03 December 2006


An entire year's worth of catalogs, right? Wrong.

A season's worth? Nope.

These are the holiday catalogs that I've received since the week before Thanksgiving, starting the day I got the first mailbox-bursting bundle. In other words, it's about 2 weeks worth of catalogs...the first half of the holiday season. From here on out, I assume I'll get a roughly equal number of "Last Chance to Order" editions.

Last Friday, the mailman didn't even attempt to cram my mail into the box. He just left it on the stoop in a criscross of big rubber bands. Bad sign.

A few more comments:

- This pile represents catalogs only. I didn't cheat and bulk it up with magazines.

- This isn't acutally all catalogs I've received. I've recycled the ones I know I'm not going to use (Victoria's Secret, Harry & David, and another one that apparently consists of nothing but various kinds of English muffins and jams). And I've removed from the pile ones I wanted to read or use right away. I'd say these cullings have reduced the pile by about 1.5".

- These catalogs are in my name only. My husband is the only other person in the household, and he doesn't order from catalogs. Presumably, if he were also a catalog user, this stack could be twice as high.

Now the big question: Why am I keeping all these?

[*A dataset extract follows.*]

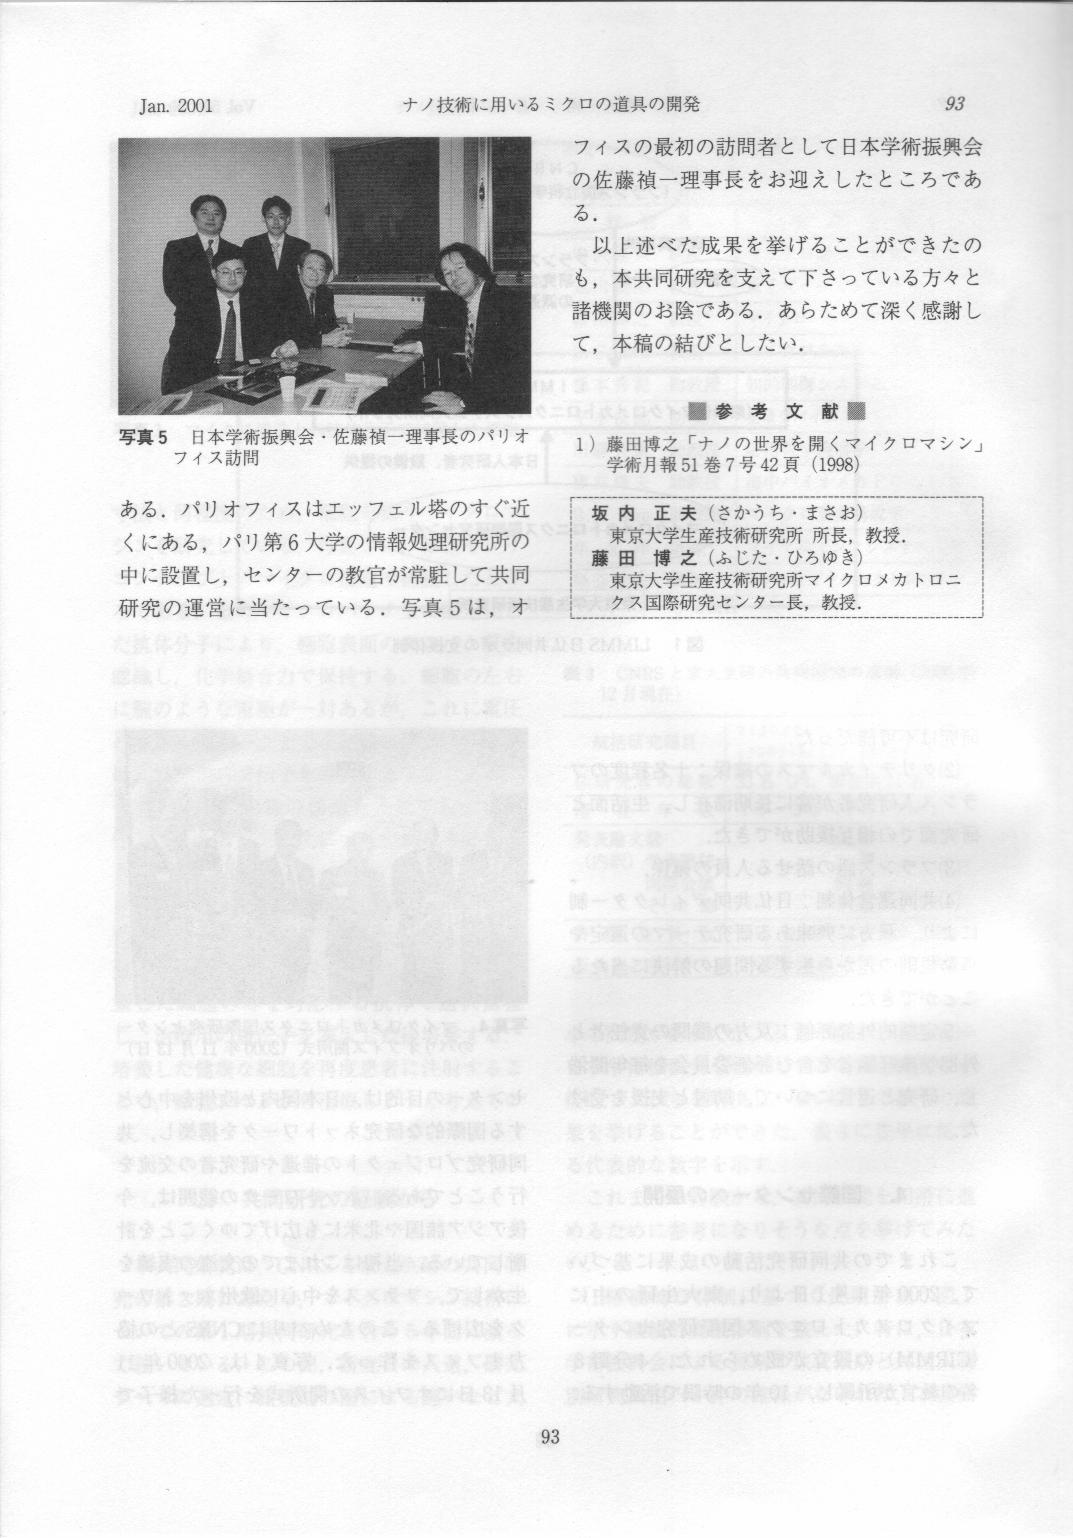 学術月報200101-6.png

Because I use them. I really do most of my holiday shopping via catalog, and my family has received better gifts because of it. Sure, when I go to the mall, I find some surprisingly good stuff, and I've done some fairly successful holiday shopping at malls. But I don't like going to the mall. When it comes to small, special gifts and cards, I prefer to give the business to local shops and do the shopping on foot. And when it comes to finding gifts that really fit the recipient's needs and wants, I just can't beat the catalogs for specificity, variety, speed, and service. Specific opera DVDs for my parents, an illustrated book of fairies for my sister-in-law who loves fantasy, shoe cleats for my brother who just bought a house in the snowy suburbs...I really don't think I could have gotten those gifts so quicky and easily if I had to drive from store to store. I also find catalogs a great way to shop for clothes and shoes in my exact sizes. Going to a department store, while visually stimulating, is more of a crapshoot. And if something does need to be returned, sending it back by USPS, UPS, or FedEx is actually easier than toting it back to the store.

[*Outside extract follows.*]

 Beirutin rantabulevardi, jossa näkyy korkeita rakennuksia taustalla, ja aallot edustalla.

These catalogs are sitting here in a pile, waiting for me to place them in a file cabinet where I really do have a manila folder for each catalog company to hold the latest catalog edition, along with receipts for orders placed. That's my project for the rest of the night.

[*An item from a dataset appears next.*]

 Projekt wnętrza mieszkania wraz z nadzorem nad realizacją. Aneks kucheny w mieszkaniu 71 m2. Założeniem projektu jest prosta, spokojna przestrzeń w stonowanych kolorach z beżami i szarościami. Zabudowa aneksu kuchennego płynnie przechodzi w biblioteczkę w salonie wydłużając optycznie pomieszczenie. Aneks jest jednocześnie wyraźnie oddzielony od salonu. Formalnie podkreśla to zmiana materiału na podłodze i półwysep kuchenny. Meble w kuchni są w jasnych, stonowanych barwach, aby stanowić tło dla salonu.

  1. I'm not much of a catalog shopper during the year, but they're a saving grace during the holidays.

    My new A5 Filofax--my first--arrived and it's the best-looking planner I've ever seen. I haven't had a moment to start moving my life to it. . .but will, hopefully very soon. (although it doesn't have any 2006 calendar pages, so I'm going to have to make my own if I want to start using it this month). And I better, as I have NO shopping plan in place yet. :-)

  2. It seems though that so many catalogues is very unfriendly to the environment. All my shopping for Xmas is 90% online , nearly everything has come from Amazon or Muji that I can do from any PC I'm sat at. I swapped Amazon Wishlists with my partner, how sad is that?!

  3. You're right about the environmental issue, Keven. The problem is, except for Amazon and similar places, the more you order online, the more catalogs they send you!

    I've got some tree-hugging planned for my next post, so stay tuned!

    P.S. Congratulations on your purchase, Jeff. Ah -- nothing like the smell of new leather! Have fun pouring your life into it. I recommend a glass of chilled chardonnay and an assortment of ink colors. (Er, in pens, that is, not in the wine!)